Desemprego é protagonista na crise de demanda do varejo brasileiro -

Desemprego é protagonista na crise de demanda do varejo brasileiro

Com o primeiro trimestre de 2017 já em seu crepúsculo e a tão esperada melhora da atividade econômica nacional ainda no campo das perspectivas, é necessário que se retome o debate sobre o tamanho da crise do país, bem como os impactos nos mais diversos setores da sociedade.

Dados recentemente divulgados pela Confederação Nacional do Comércio de Bens, Serviços e Turismo (CNC) consolidaram a ideia de que o setor varejista tem enfrentado seu pior cenário em mais de uma década, registrando um fechamento líquido de 108,7 mil lojas no ano de 2016 – sempre é importante destacar que o número se refere ao setor de varejo como um todo.

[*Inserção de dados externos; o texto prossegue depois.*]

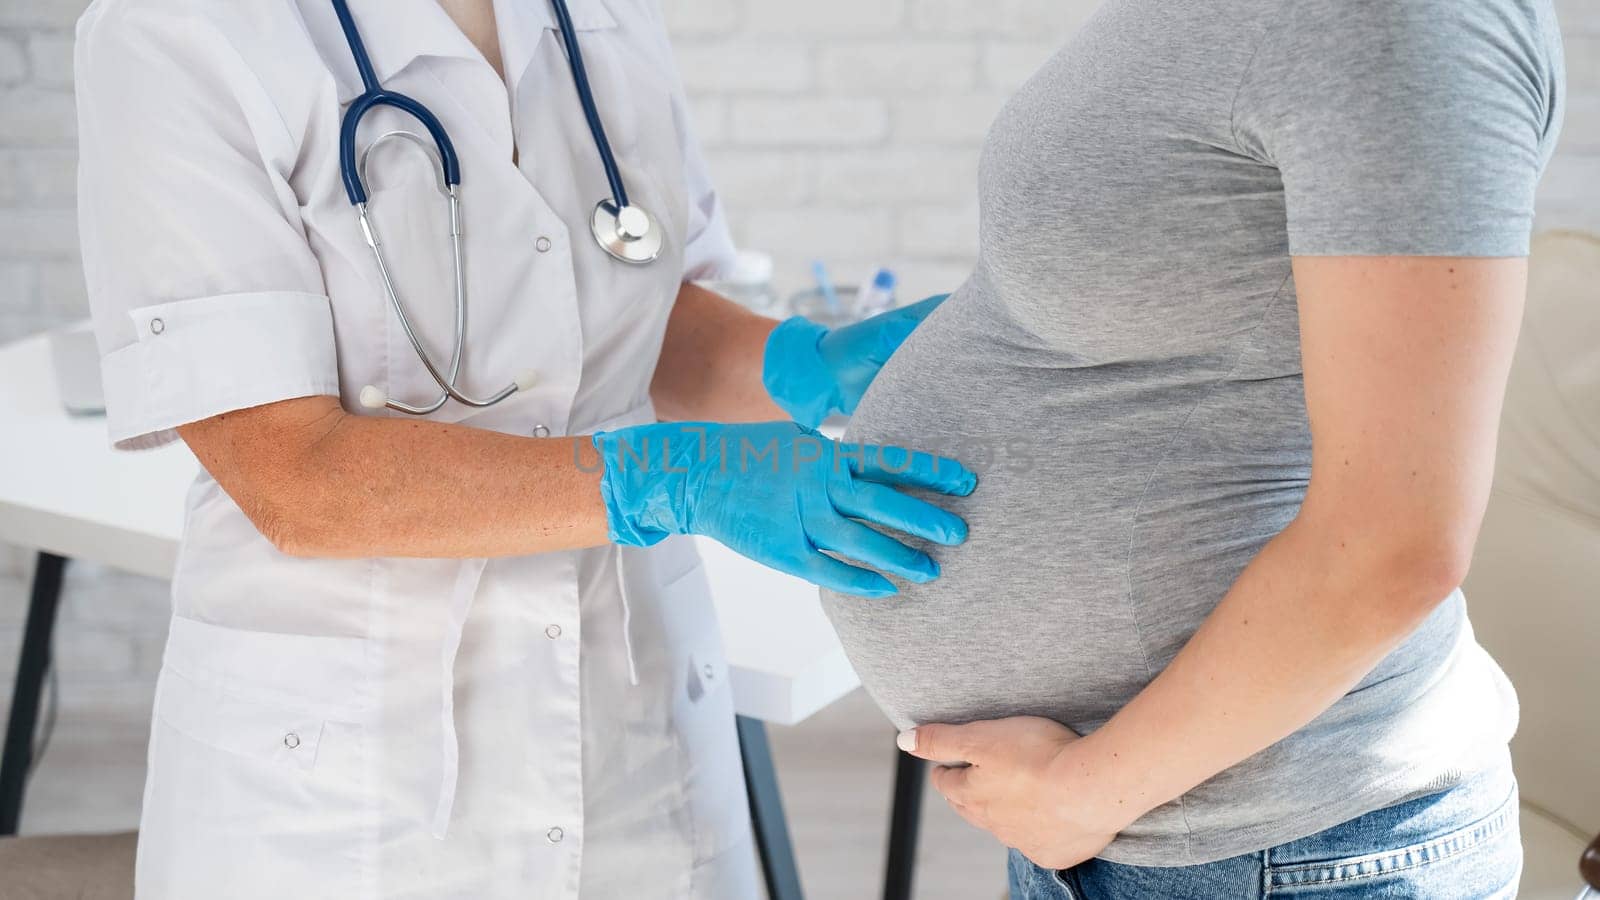 Pregnant woman visiting a doctor. Elderly Caucasian female gynecologist holds hands on the tummy of a pregnant patient

Entre tantas dificuldades enfrentadas pelo comércio durante a crise, o aumento exponencial do desemprego dos brasileiros nos últimos dois anos é certamente um dos protagonistas nessa equação.

Um país com cerca de 13 milhões de desempregados e 24 milhões de pessoas com mão de obra subocupada passa necessariamente a conviver com o problema da demanda, não só pela diminuição da renda média das famílias, mas também pela crise das expectativas – cenário em que a população adota uma abordagem mais conservadora no momento da compra a fim de ou manter uma reserva de capital que a dê suporte diante de possíveis imprevistos, entre eles a perda do emprego.

Para discutir o impacto do desemprego no varejo no panorama geral da sociedade, o Novo Varejo entrevistou o coordenador do Instituto Brasileiro de Análises Sociais e Econômicas (Ibase), o economista Francisco Menezes, em um bate-papo que reuniu dados pouco explorados na maioria das análises da conjuntura econômica brasileira e questões empíricas coletadas pelo instituto durante pesquisas realizadas em campo.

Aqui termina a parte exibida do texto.